Under the doctor
I WENT into hospital in London late last month for an operation on my right arm. I am fine now, if still a little bruised; but keep the hampers coming. As the operation did not need to be carried out under general anaesthetic, I spent most of the three hours chatting to my anaesthetist on the non-business side of a paper screen. On the other side, the two surgeons skilfully plied their art, popping their heads over now and then for an update and a chinwag.

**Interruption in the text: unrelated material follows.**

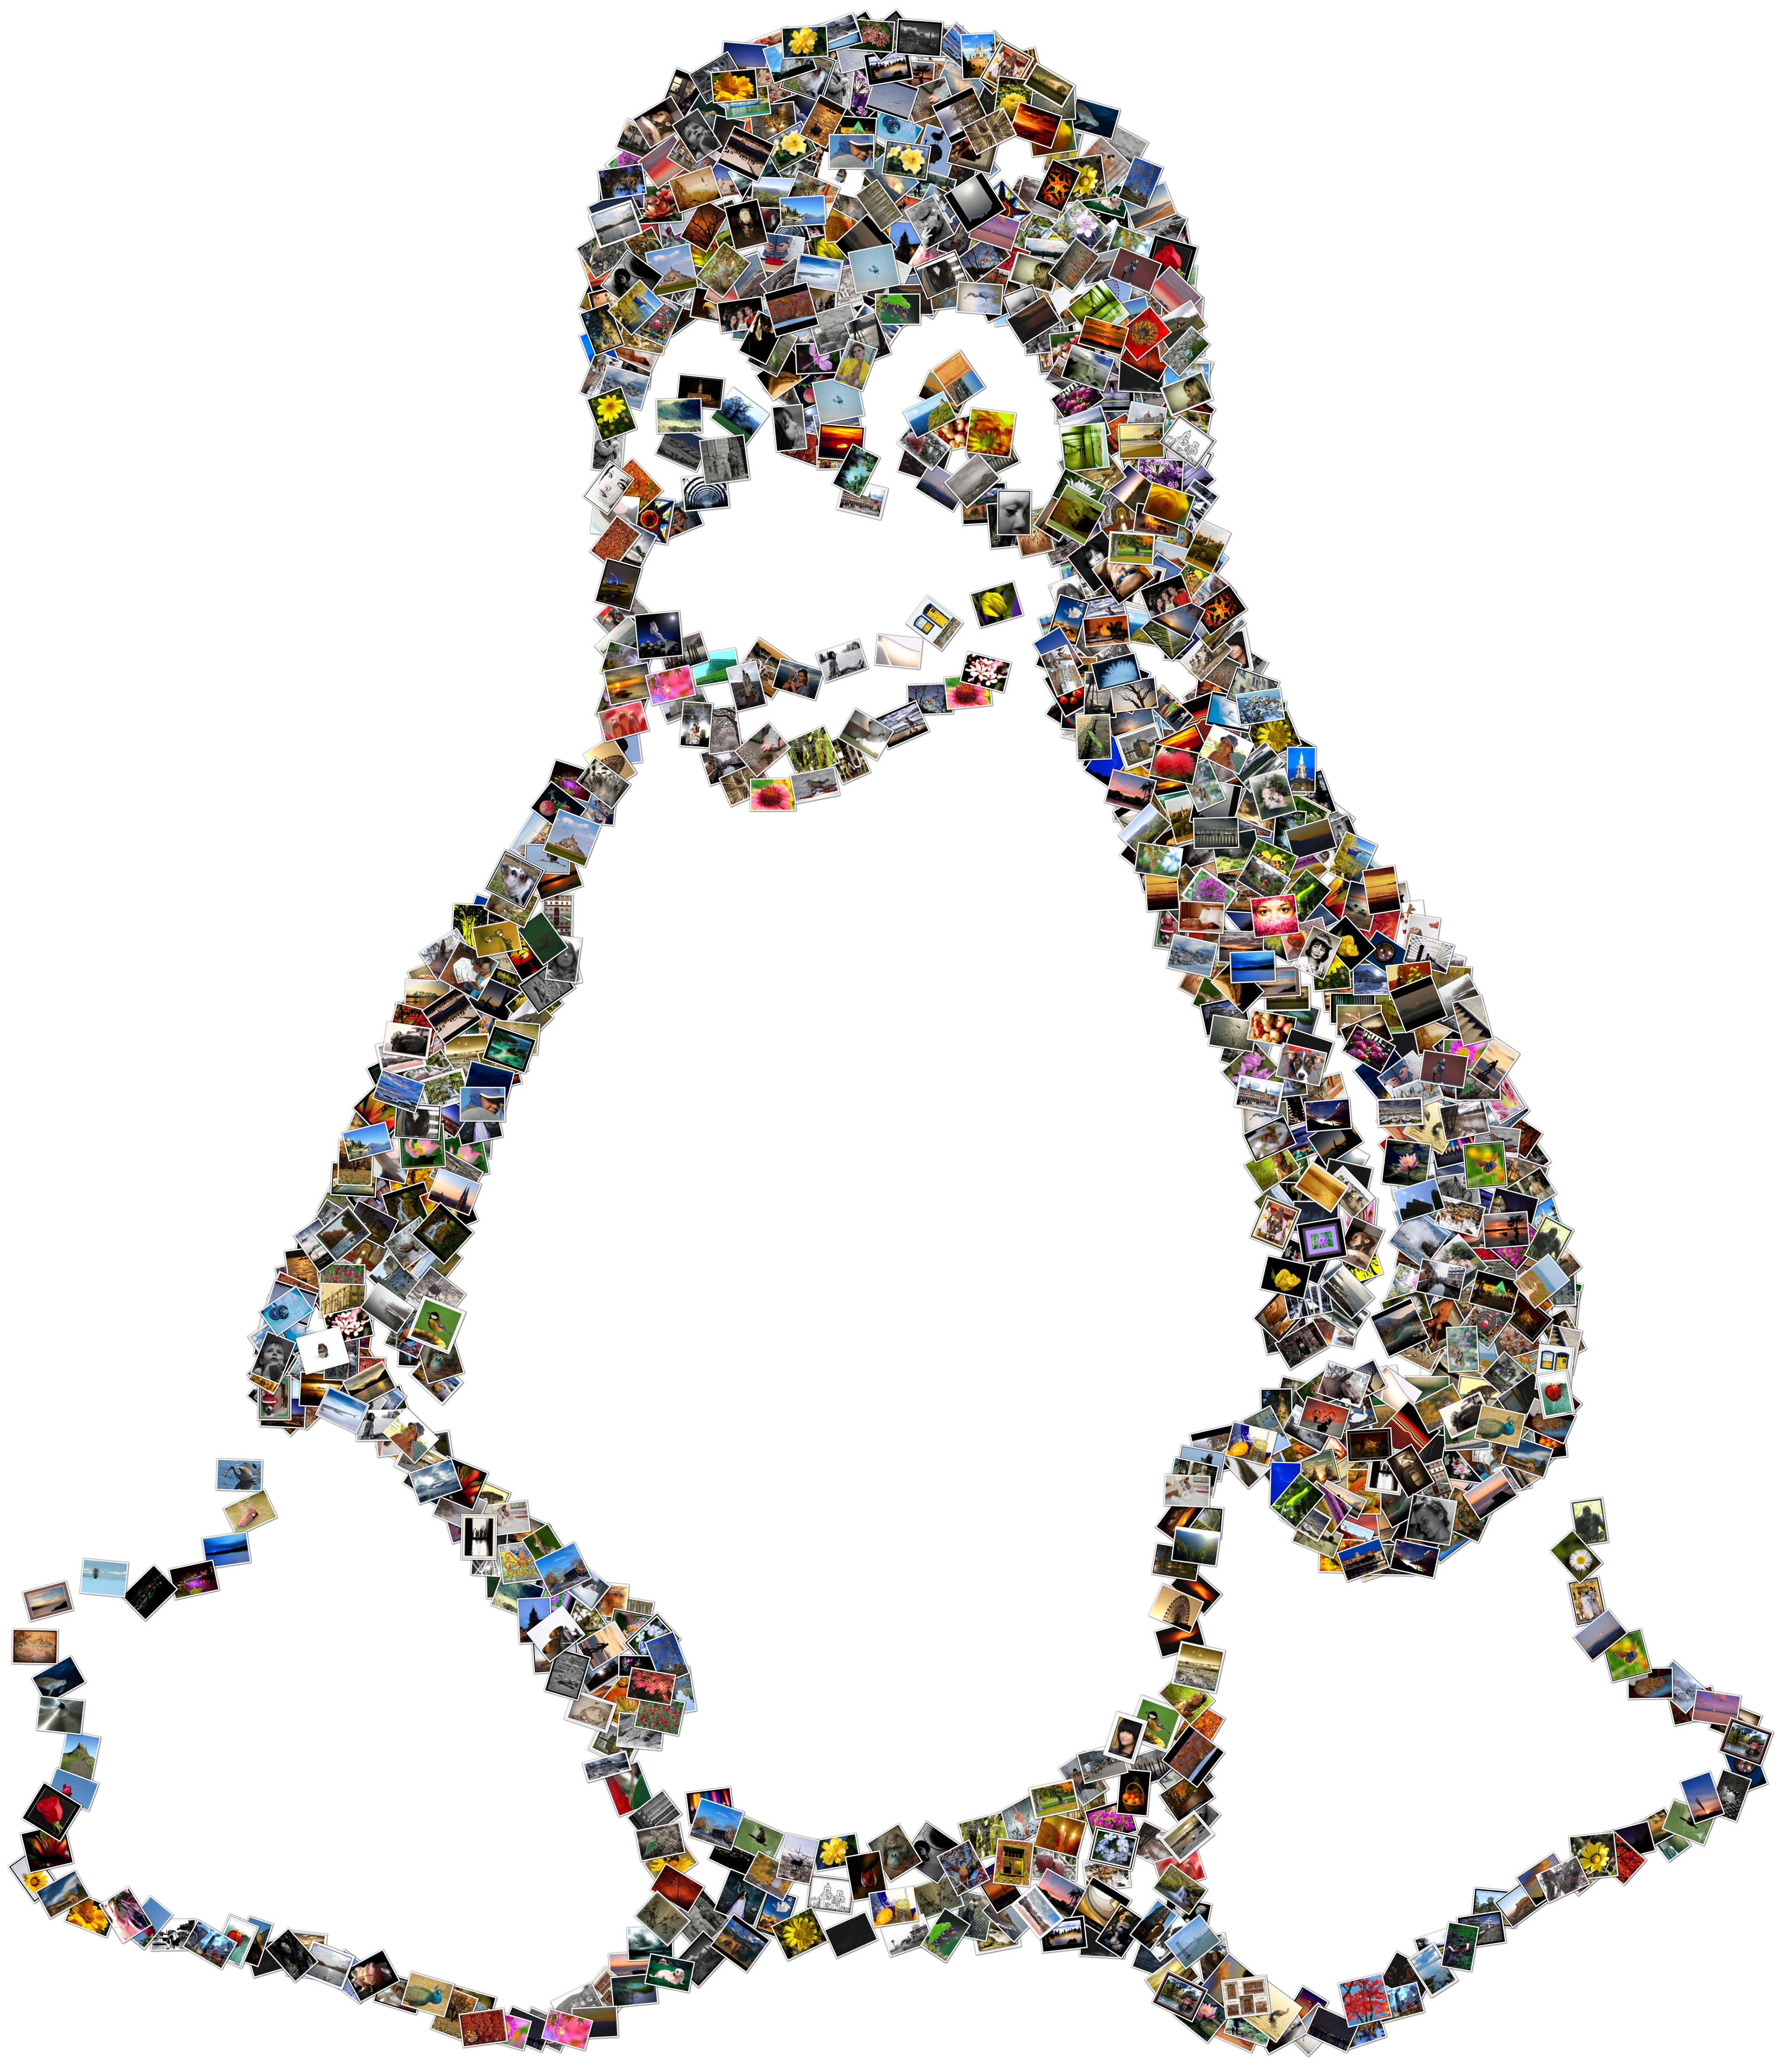 http://www.shapecollage.com/collages/collage-tux.jpg

Any ministry to the sick, and particularly chatting to a conscious patient during surgery, calls for a good deal of compassion and pastoral intuition. Once we had established that I was based at Oxford and that my anaesthetist had been to Cambridge, however, it was a hop, skip, and a jump to working out that the friend we had in common was the Revd Robert Mackley, Vicar of Little St Mary’s, Cambridge, and erstwhile Church Times diarist. He had, in fact, married her to her husband, and is godfather to one of their children.
A few days later, I was at high mass at Little St Mary’s. It is remarkable how dextrous, literally, you need to be in church; and to be without use of the hand that makes the holy gestures seemed emasculating. But it was good to hear Fr Mackley announce in the notices that one of our priest-students at St Stephen’s House was going to be his assistant curate at Petertide.
I WAS visiting a friend, Rupert, who is a choral scholar at King’s: the strapping, strawberry-blond countertenor, if you watched the service on TV at Christmas and are wondering. He often invites me to concerts and the like, and, too often, I can’t go; but this time I could. He and other talented young things were performing Bach’s little-heard cantata Was mein Gott will, das g’scheh allzeit, and Handel’s better-known Dixit Dominus.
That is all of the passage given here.